Search code examples
rggplot2stacked-chartstackedbarseries

R ggplot2 problems with stacked barplot with 3 variables mixed with mirror density chart


Dear Stackoverflow community,

Once again, I have a question concerning the ggplot2 possibilities of R. Before I start with explaining my problem, an example of a dataframe is provided here below:

age <- c(12, 13, 14, 15, 12, 13, 14, 15, 12, 13, 14, 15, 12, 13, 14, 15, 12, 13, 14, 15)
anticoagulation <- c(0, 1, 0, 1, 1, 0, 1, 0, 0, 1, 0, 1, 1, 0, 1, 0, 0, 1, 0, 1)
atc <- c(1, 0, 2, 0, 1, 2, 1, 0, 2, 0, 1, 2, 1, 0, 2, 0, 1, 2, 0, 0)
df <- data.frame(age, anticoagulation, atc)
  • anticoagulation coding: 0 = no anticoagulation, 1 = received anticoagulation
  • atc coding: 0 = nitrofurantoin, 1 = fosfomycin, 2 = trimethoprim

I want to visualise the differences in anticoagulation prescription per age group and per atc group. What I have done so far:

frame <- aggregate(df$anticoagulation, by=list(df$age), FUN=length)
frame$age <- frame$Group.1
frame$n <- frame$x
frame <- frame [,3:4]

my_table<- table(df$age, df$anticoagulation)
table <- as.data.frame.matrix(my_table)
frame$n_noanti <- table$"0"
frame$n_yesanti <- table$"1"

frame$per_yesanti <- (frame$n_yesanti/frame$n)*100 # percentage
frame$per_noanti <- (frame$n_noanti/frame$n)*100 # percentage


ggplot(frame, aes(x=x) ) +
  geom_bar( aes(x = reorder (age, -per_yesanti), y =per_yesanti), stat="identity", fill="#69b3a2" ) +
  geom_label(aes(x=15, y=100, label="Used anticoagulants"), color="#69b3a2")+
  geom_bar( aes( x =reorder (age, -per_noanti), y=-per_noanti), stat="identity", fill="#404080" ) +
  geom_label( aes(x=15, y=-100, label="No anticoagulants"), color="#404080") +
  theme(axis.text.x=element_blank()) + 
  xlab ("Age") + 
  ylab ("Percentages of how many women used anticoagulants")+
  ggtitle("Distribution of anticoagulants per age")+
  theme(plot.title = element_text(hjust = 0.5), text = element_text(size=15))

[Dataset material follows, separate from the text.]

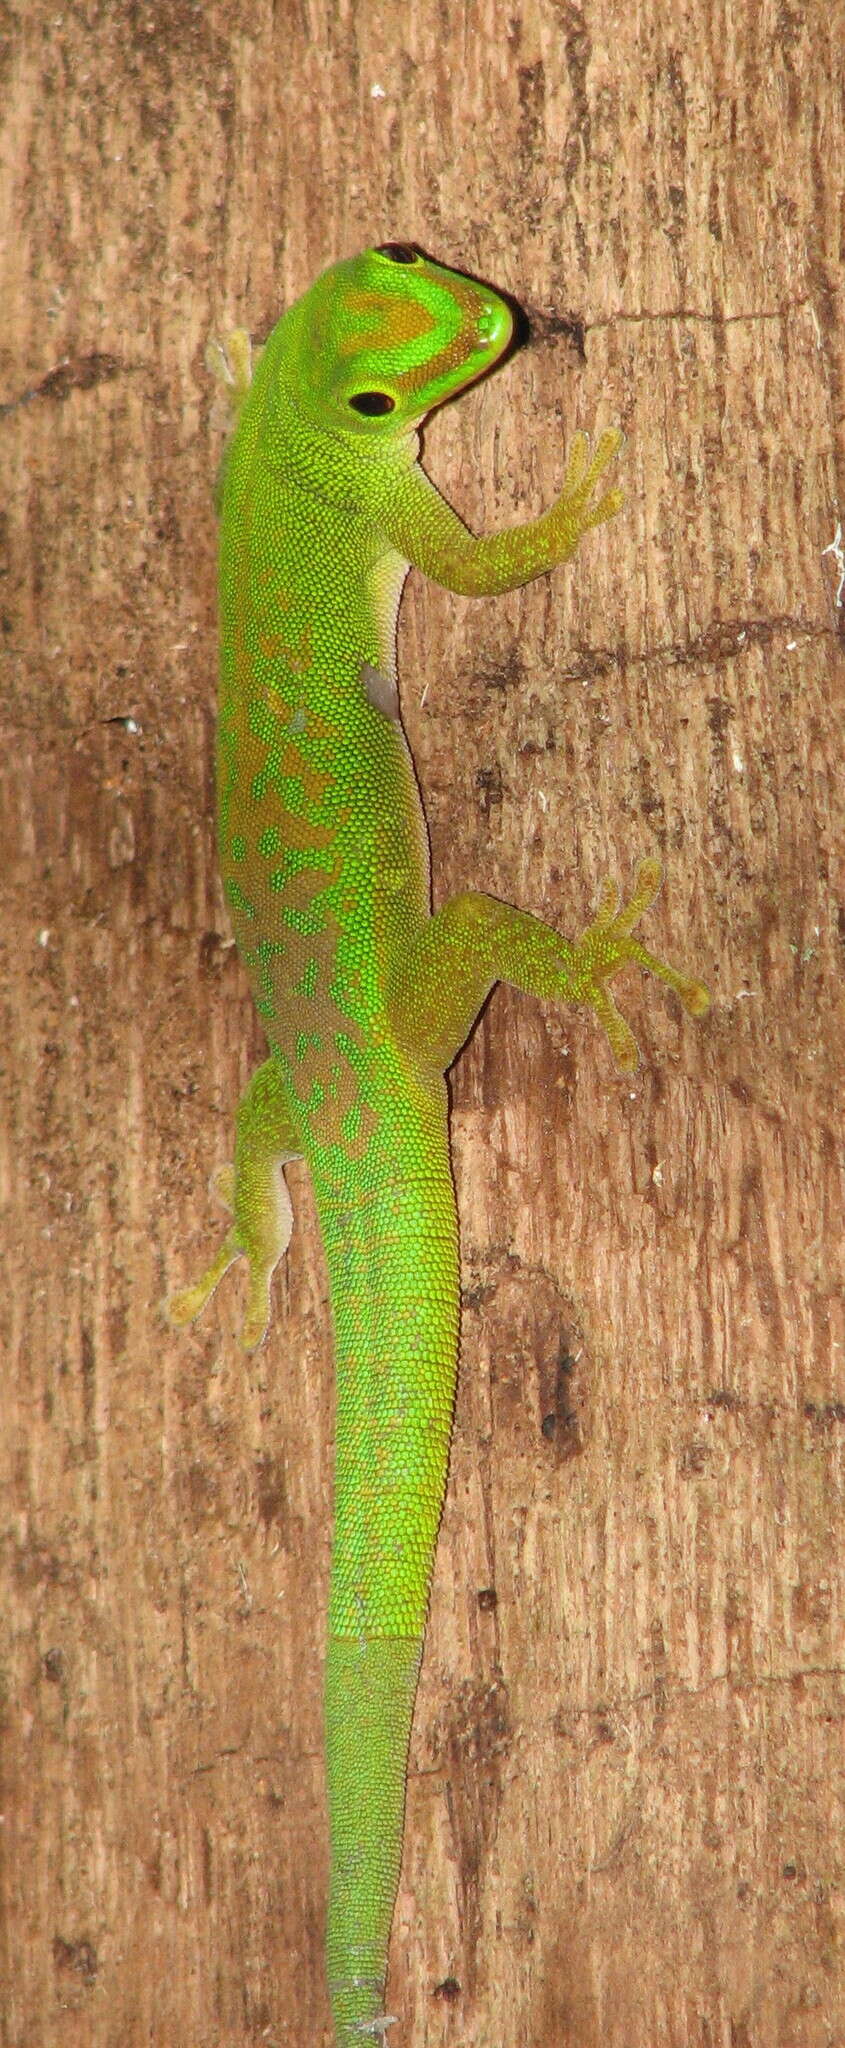 Image of Seychelles Day Gecko

Output Output of ggplot mirror density here above

However, I would like to have such an graph but with stacked bars like this: Example of stacked bars

The stacked parts are based on the atc-coding. I have tried to only make a stacked graph, but that has failed miserably.

I have tried it with the code 'aggregate', but I am stuck with what to use and what to merge together.

frame2 <- aggregate(frame$anticoagulation, by=list(frame$age, frame$atc), FUN=length)

However, this aggregation code makes it too long to use.

What I have also tried, is using a separate aggregate code for atc vs age and add that to the 'frame'.

atc2<- table(df$age, df$atc)
t_atc2 <- as.data.frame.matrix(atc2)
frame$n_nitro <- t_atc2$"0"
frame$n_fosfo <- t_atc2$"1"
frame$n_trim <- t_atc2$"2"

But still, I cannot get the stacked function to work. My attempt to do a stacked bar with only the percentage of anticoagulation=yes (coding=1) =

    ggplot(frame, aes(fill = n_nitro+n_fosfo+n_trim, y=per_yesanti, x=age)) + 
  geom_bar(position="stack", stat="identity") +
  ggtitle("Anticoagulation per age")

graph: No distinction between the 2 atc groups

I hope someone can mix the two graphs together. If that is very impossible than only a stacked graph with the percentage of the anticoagulation=1 (per_yesanti) is good as well.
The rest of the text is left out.